To ask if you and your DP/H earn hugely differing salaries, how you manage money?

(160 Posts)
RedHareWithBlondeHair Sun 24-Sep-17 14:31:42

My partner and I earn very different salaries. Currently this isn't an issue as we pay/spend relative to our earnings but I wonder about the future because we talk about certain big purchases/spends that one of us will only be able to contribute something like 10% to, if that, leaving the other to pick up the 90%. It's not an issue at the moment but I do see it becoming one.

user1468353179 Sun 24-Sep-17 14:34:34

I don't think it matters who earns what as long as it's enough. I used to earn more than my H, then I gave up work to have the kids and was a SAHM for six years. Why does it matter who pays?

MrsTerryPratchett Sun 24-Sep-17 14:38:08

When he was my BF, we had separate money. When we became partners, we paid all the bills, saving, then leftover split equally into 'pocket money'. That we spend as we like.

I couldn't eat lobster while my partner eats baked beans. We work as hard as each other. It's just society values one form of non-essential, frankly fluffy work more than another life-saving, essential form of work

Cavender Sun 24-Sep-17 14:39:39

I’m temporarily a SAHM but it makes no difference we always deal with our money the same way:

All income is fed into the joint account.
Both parties have full access to the account.
We agree a budget.
We agree anything over and above normal spending.

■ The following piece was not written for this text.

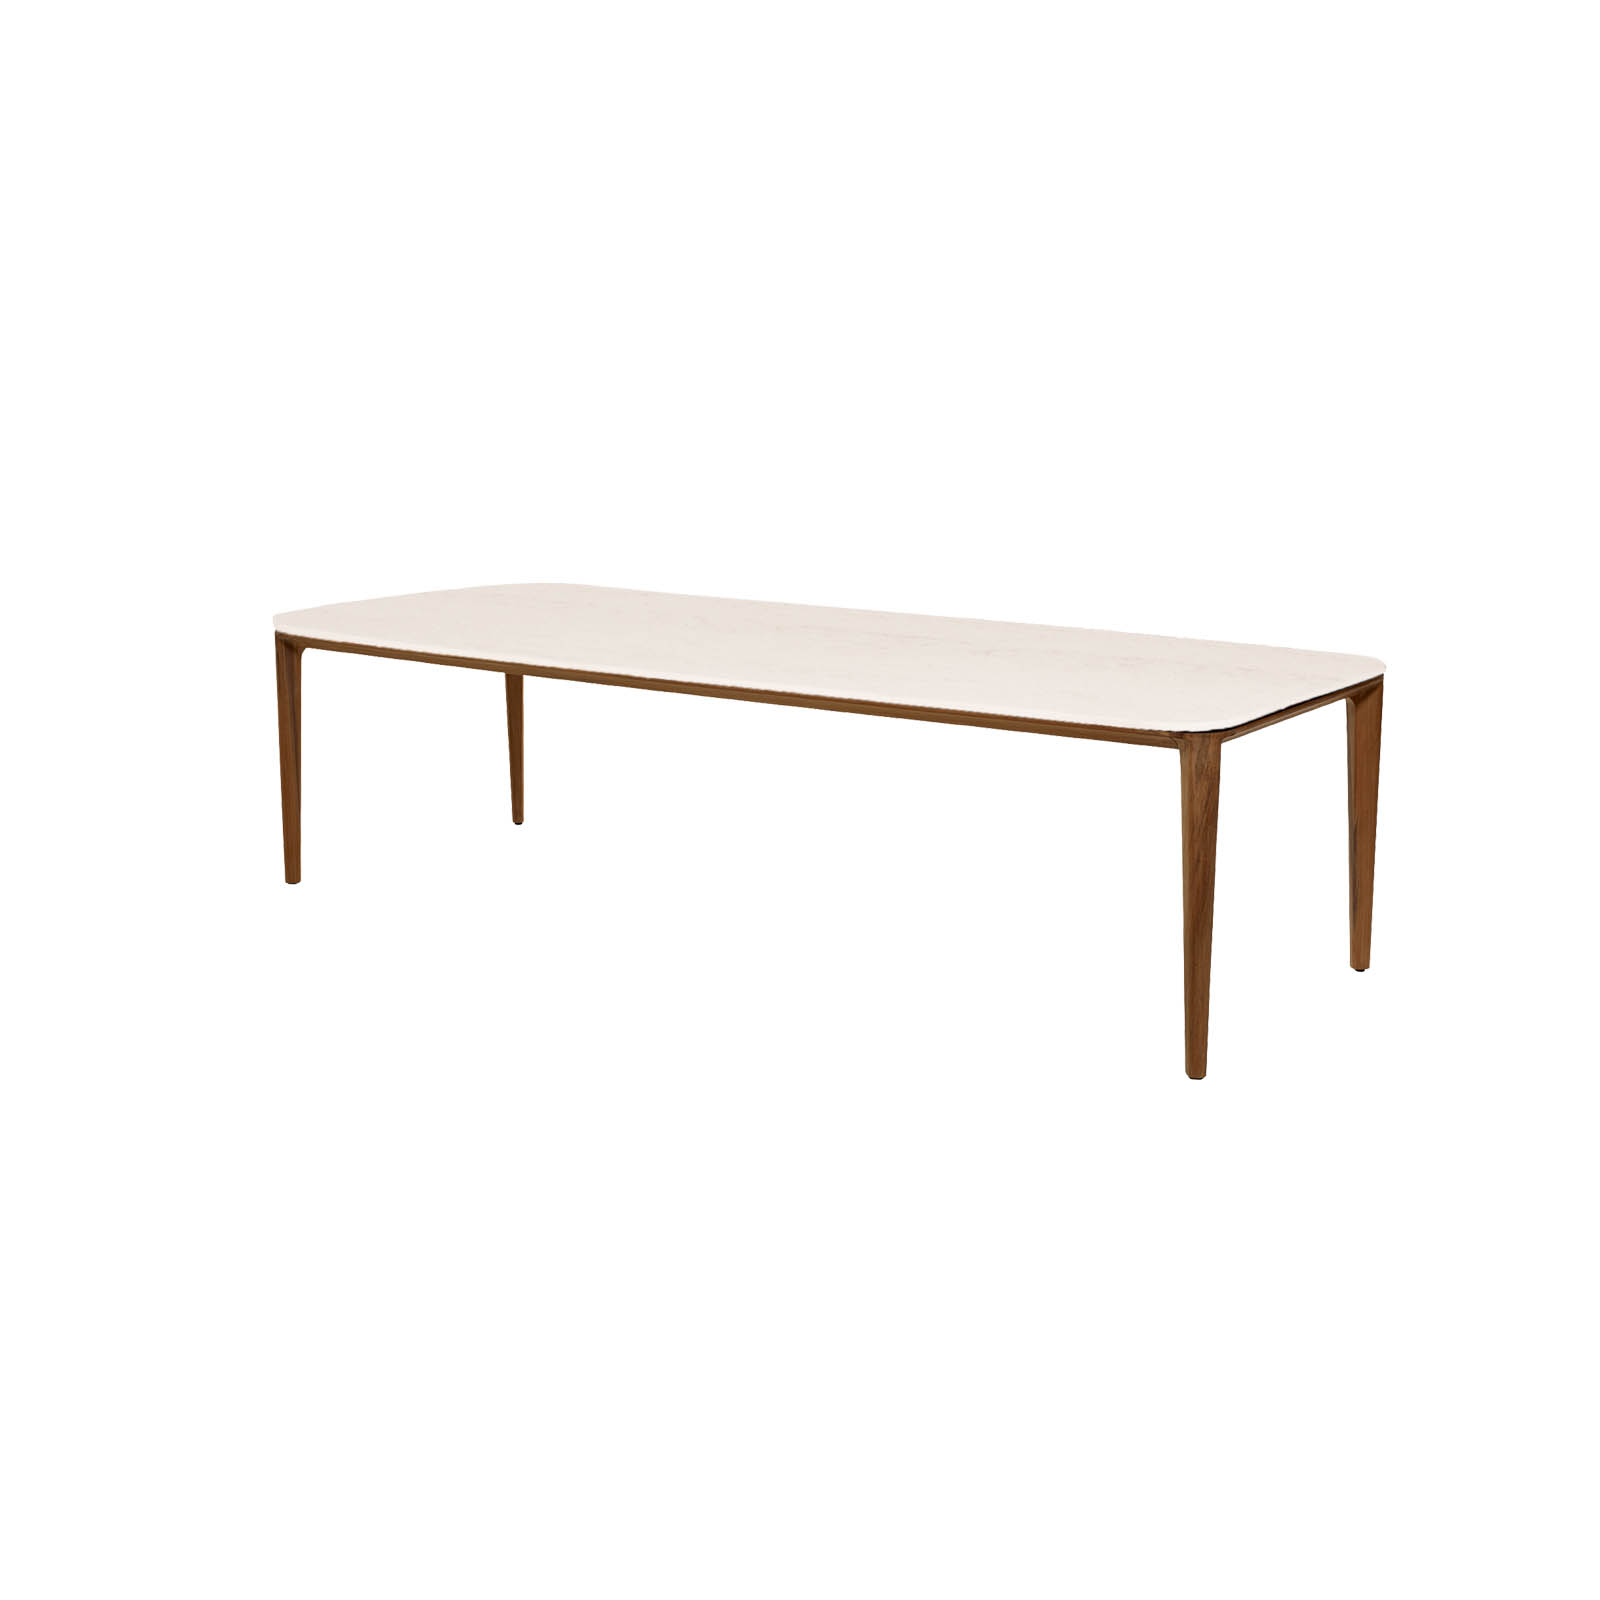 Aspect Tisch 280x100 cm aus Teak  mit Tischplatte aus Ceramic in Travert

We’ve operated this way since we got married regardless of who was currently earning more. There is no “his money” and “my money” there’s just “our money”.

alltouchedout Sun 24-Sep-17 14:40:59

Family money. All income is equally ours, all outgoings are equally our responsibility. Another other than one pot wouldn't work for us.

PastysPrincess Sun 24-Sep-17 14:42:44

I work full time and DH is a stay at home dad. We spend the family money as required and neither has to account to the other. Larger than normal expenditure is discussed before purchasing.

FenceSitter01 Sun 24-Sep-17 14:44:00

Joint account. I manage finances. We do not have this spends malarkey. If I want to go out, I go out, If I want to buy clothes/makeup/hair etc I get it done. If he wants to play golf/go to the pub/play more golf/go to a football match, he does the same. I cant get my head round this 'spends' thing. It sounds so child like, accounting for every penny.

Imnotaslimjim Sun 24-Sep-17 14:44:28

I've just left a 15 year marriage partly because of this. He never allowed family money, never had a joint bank account and he lived like a king while I was a SAHM with next to no income. I had to beg for every penny and most of the time he made me pay it back. When it finally came to a head, he said he was trying to teach me to be better with money 😂

WiseDad Sun 24-Sep-17 14:44:48

It's all one big pot in our family. Tax optimised income other than PAYE and joint accounts for everything that can it be joint for (so not pensions or ISAs). Wife lives in a low tax jurisdiction and pays 11% average tax on an income 2x mine. I pay slightly under 40% average tax rate so nearly 2x her tax bill.

Despite all this and ups and downs over prior years we just share everything. We don't have a "your money/my money" mentality but do refer to our earnings if we buy something expensive.

Most of our expenses are in GBP so my earnings cover it but we have nothing left over for fun which makes me feel a little poor sometimes despite having money elsewhere.

splendide Sun 24-Sep-17 14:44:58

One pot here too.

Neither of us are huge spenders so we don't have allocated pocket money, we both just spend whatever on the joint credit card and the higher earner pays the bill (and all the other bills).

Trills Sun 24-Sep-17 14:45:59

Jointly-agreed jointly-accessible money for all joint expenditure (e.g. house, groceries, bills, etc).

Equal only-accessible-to-you spending money.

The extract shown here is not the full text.